» RECORDED DATA:
=== Begin Enclosure ===

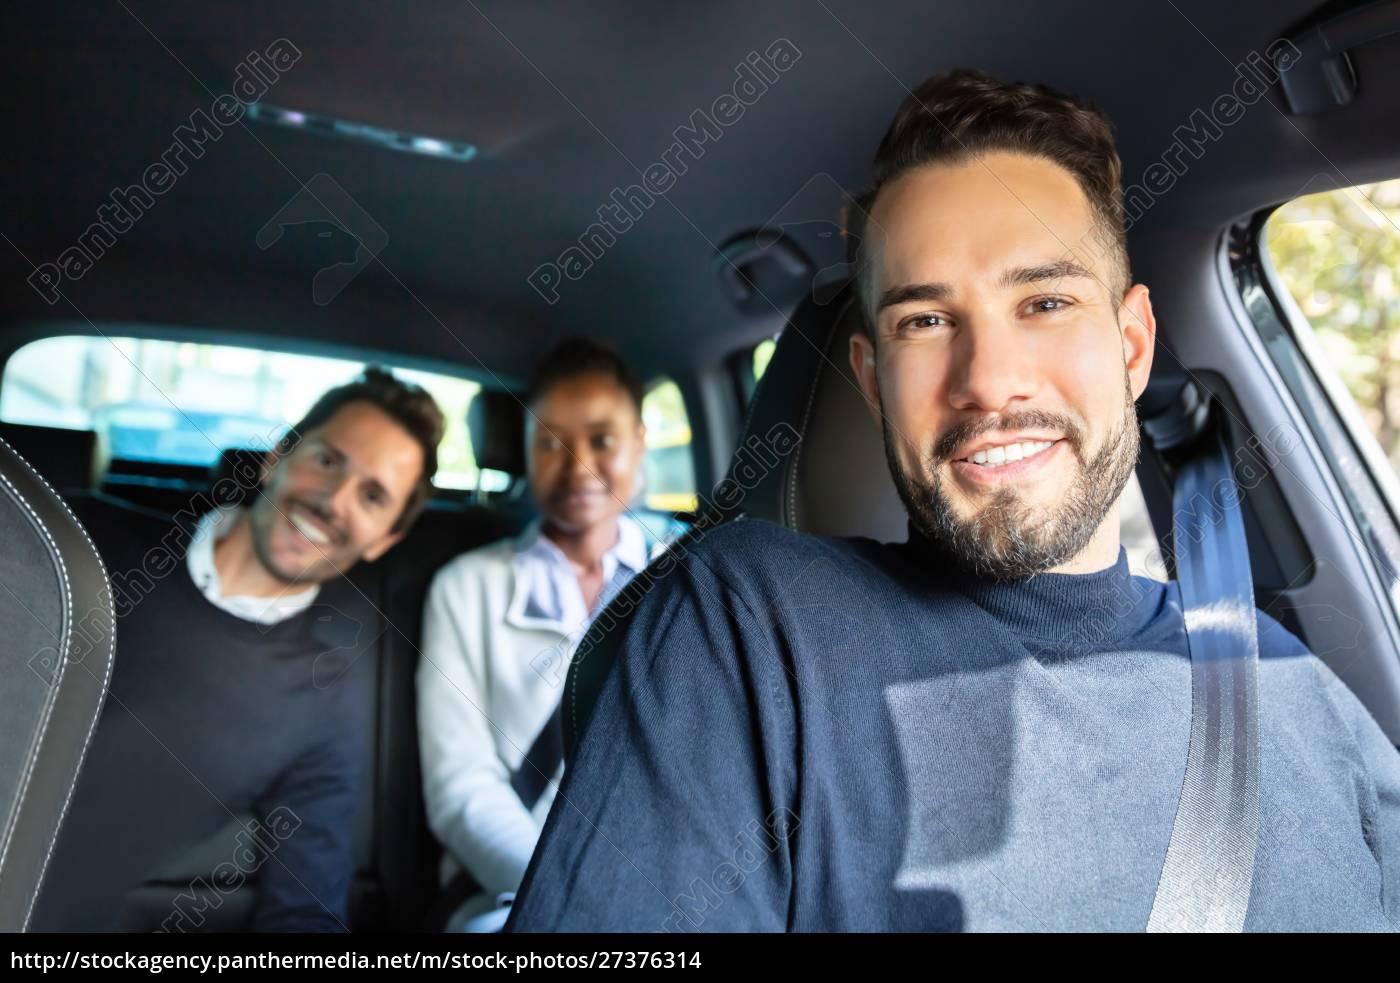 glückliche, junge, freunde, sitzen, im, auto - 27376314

=== End Enclosure ===
=== Begin Enclosure ===

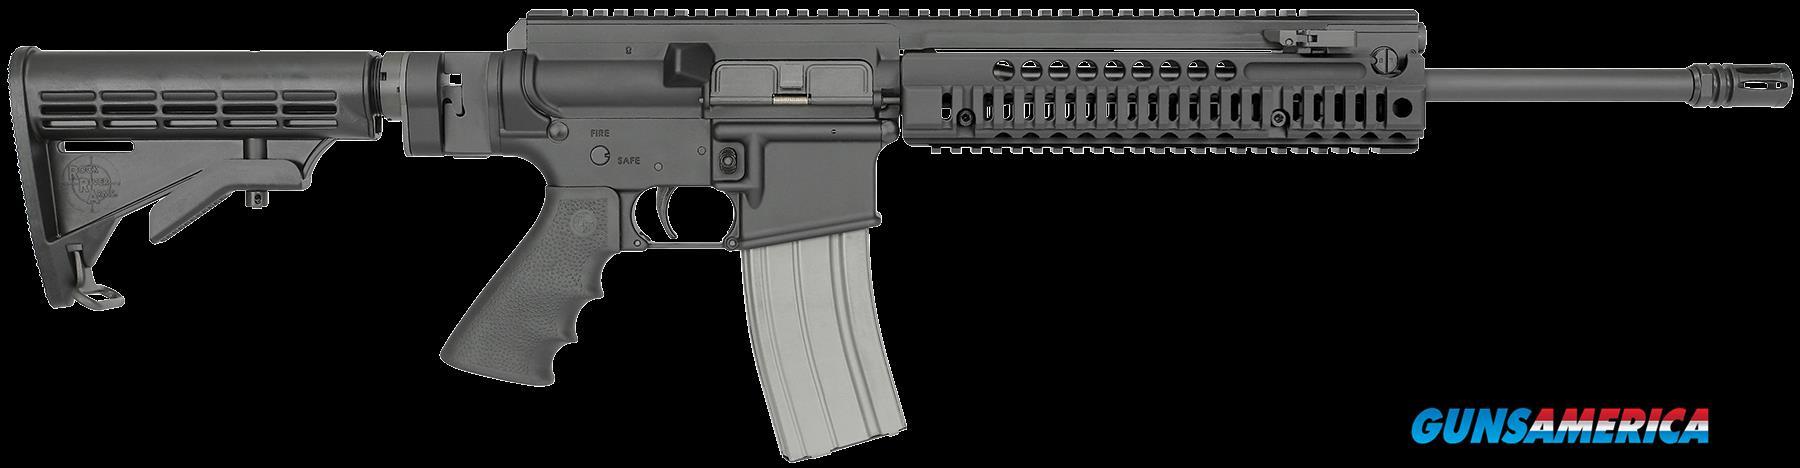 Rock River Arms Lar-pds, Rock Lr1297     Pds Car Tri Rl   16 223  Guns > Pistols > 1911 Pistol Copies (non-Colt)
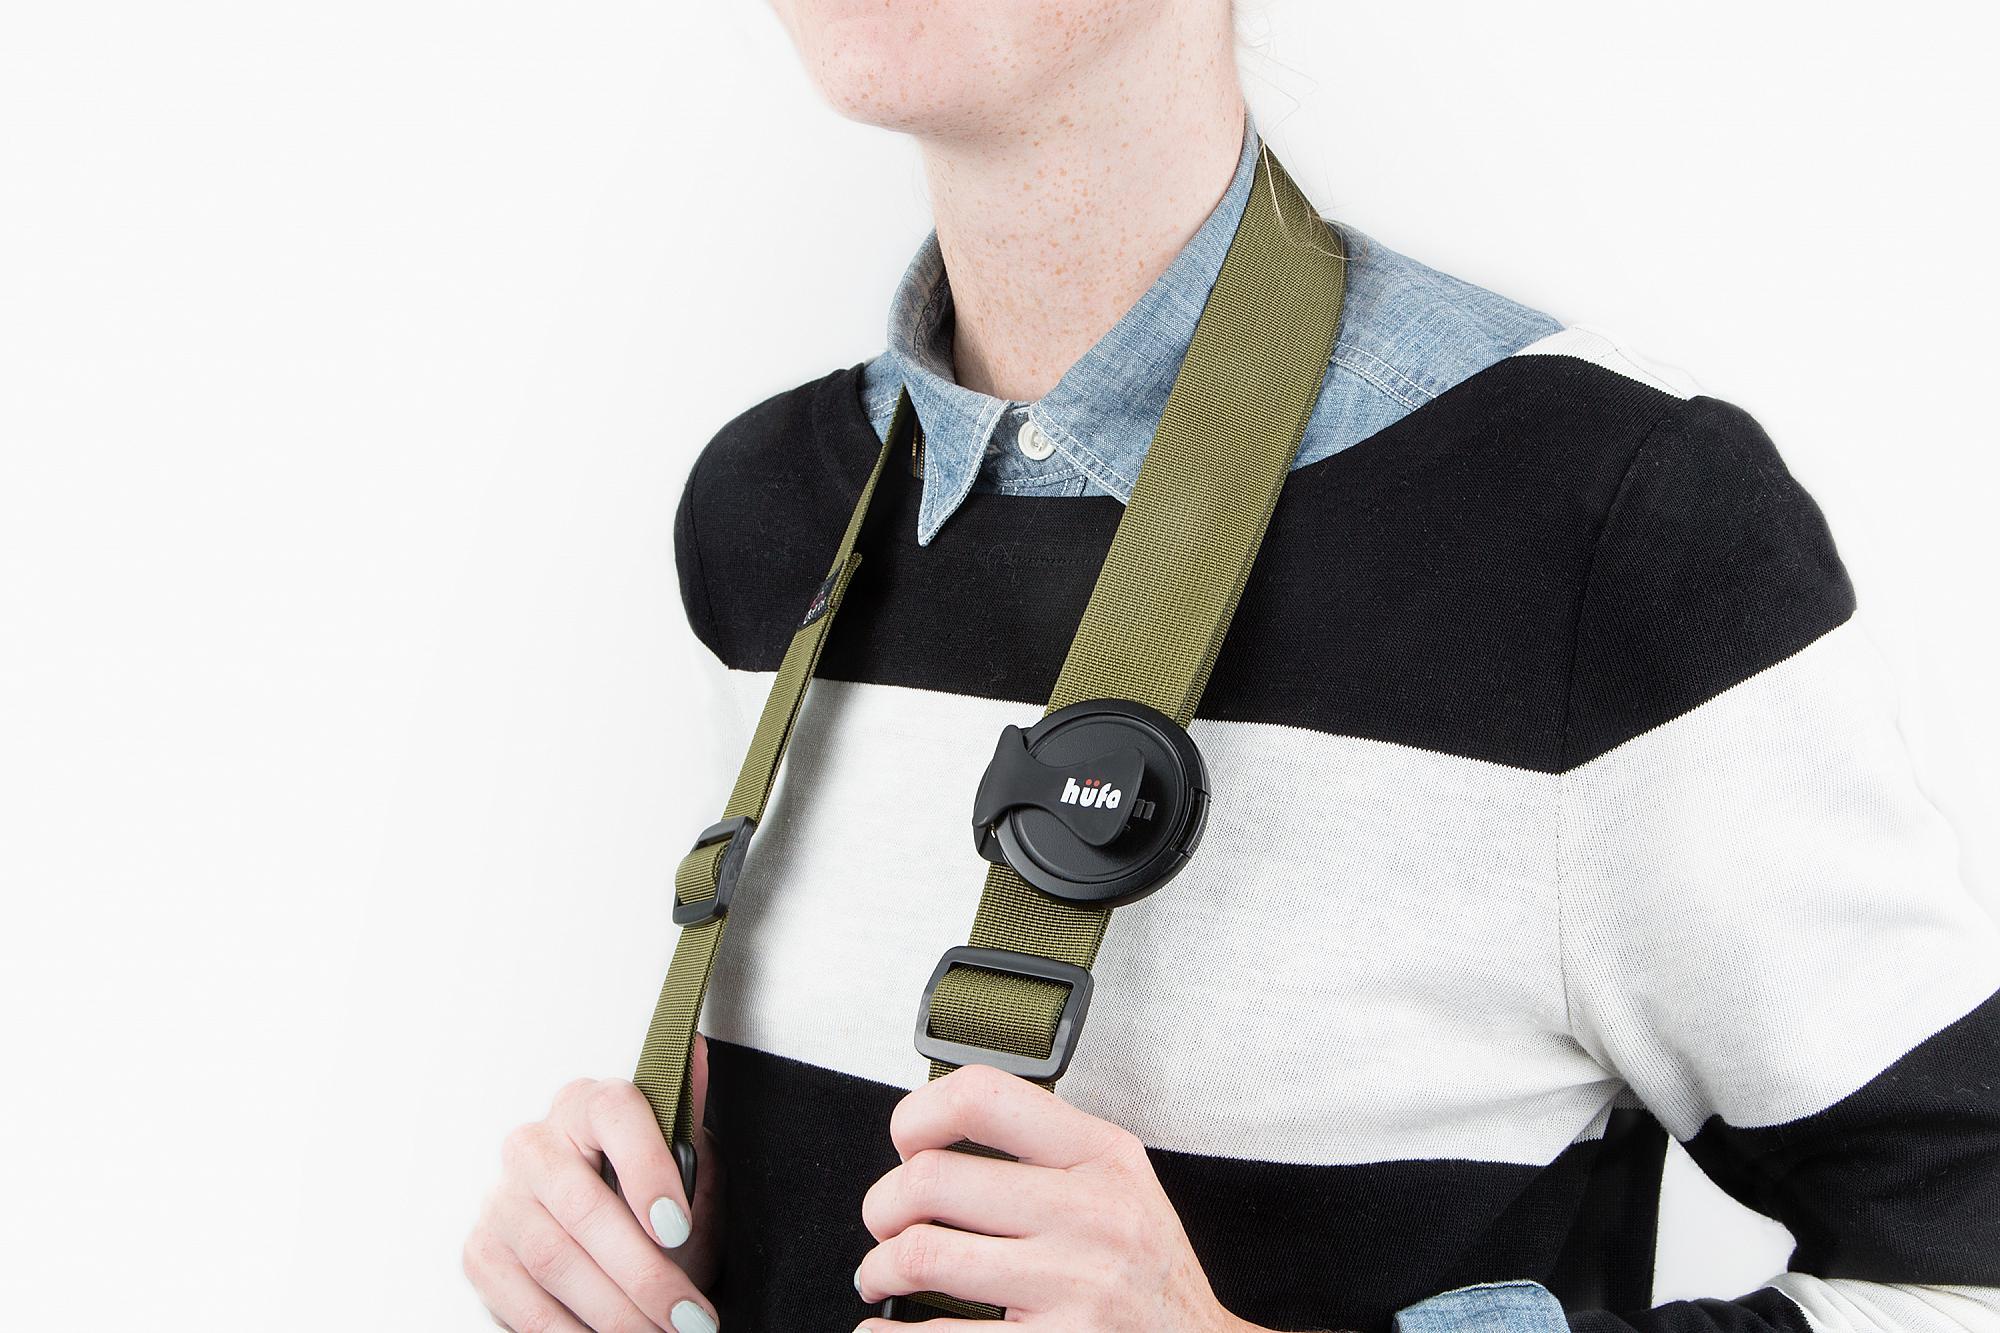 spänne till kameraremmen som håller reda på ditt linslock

=== End Enclosure ===
=== Begin Enclosure ===

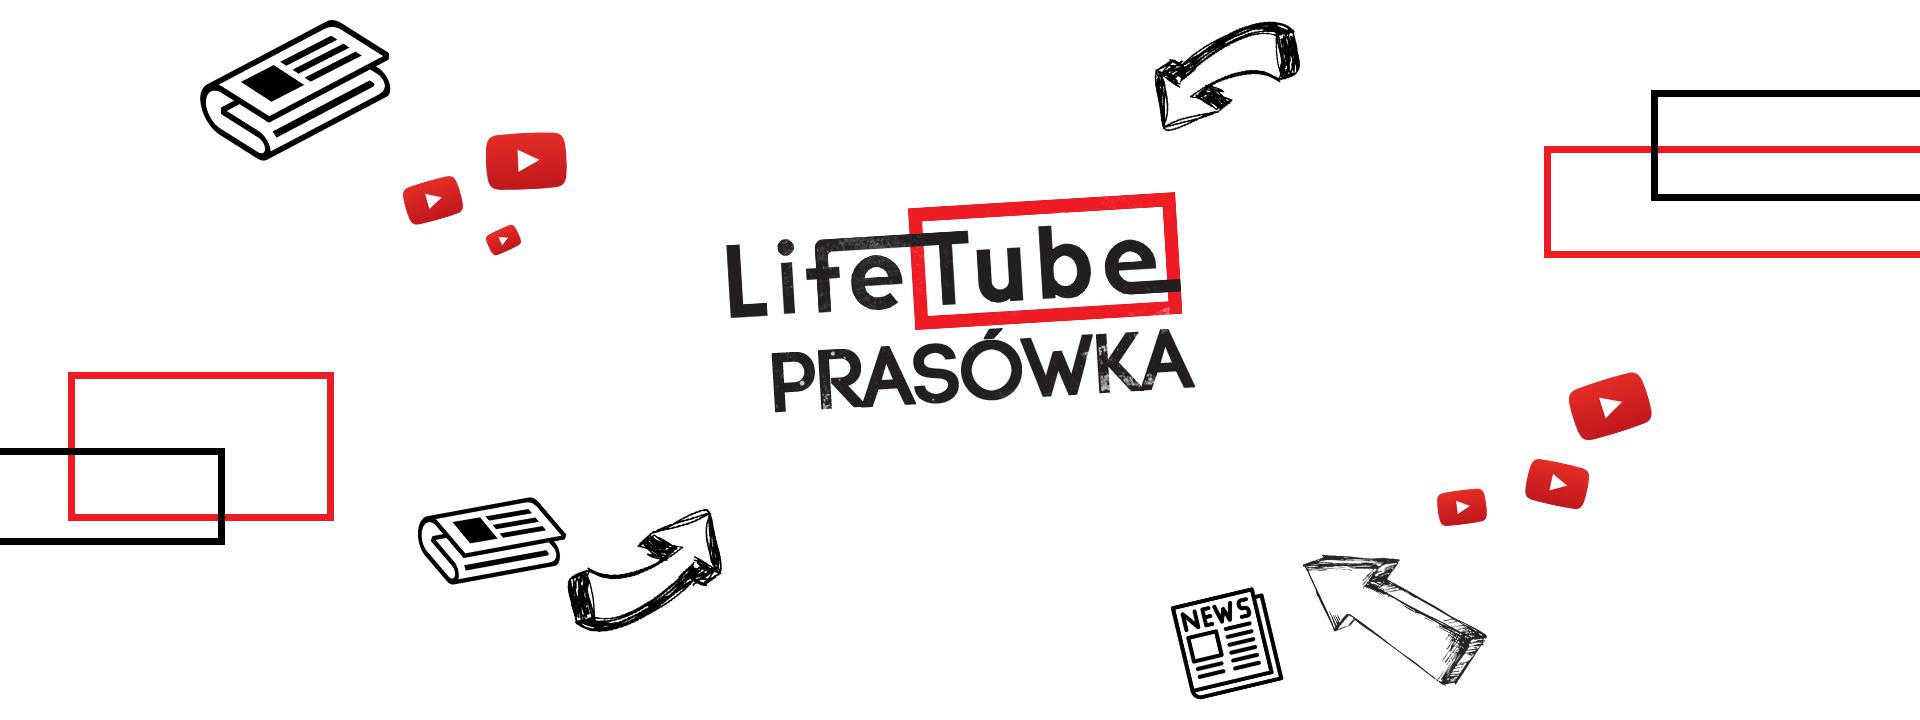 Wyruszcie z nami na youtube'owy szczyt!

=== End Enclosure ===

» REQUIRED ACTION:
Copy exactly the lines of the entries above from the one containing "Rock River Arms" through the one containing "spänne till kameraremmen". Both end lines count; pictures do not.

» RESPONSE TO THE EXERCISE:
 Rock River Arms Lar-pds, Rock Lr1297     Pds Car Tri Rl   16 223  Guns > Pistols > 1911 Pistol Copies (non-Colt)
 spänne till kameraremmen som håller reda på ditt linslock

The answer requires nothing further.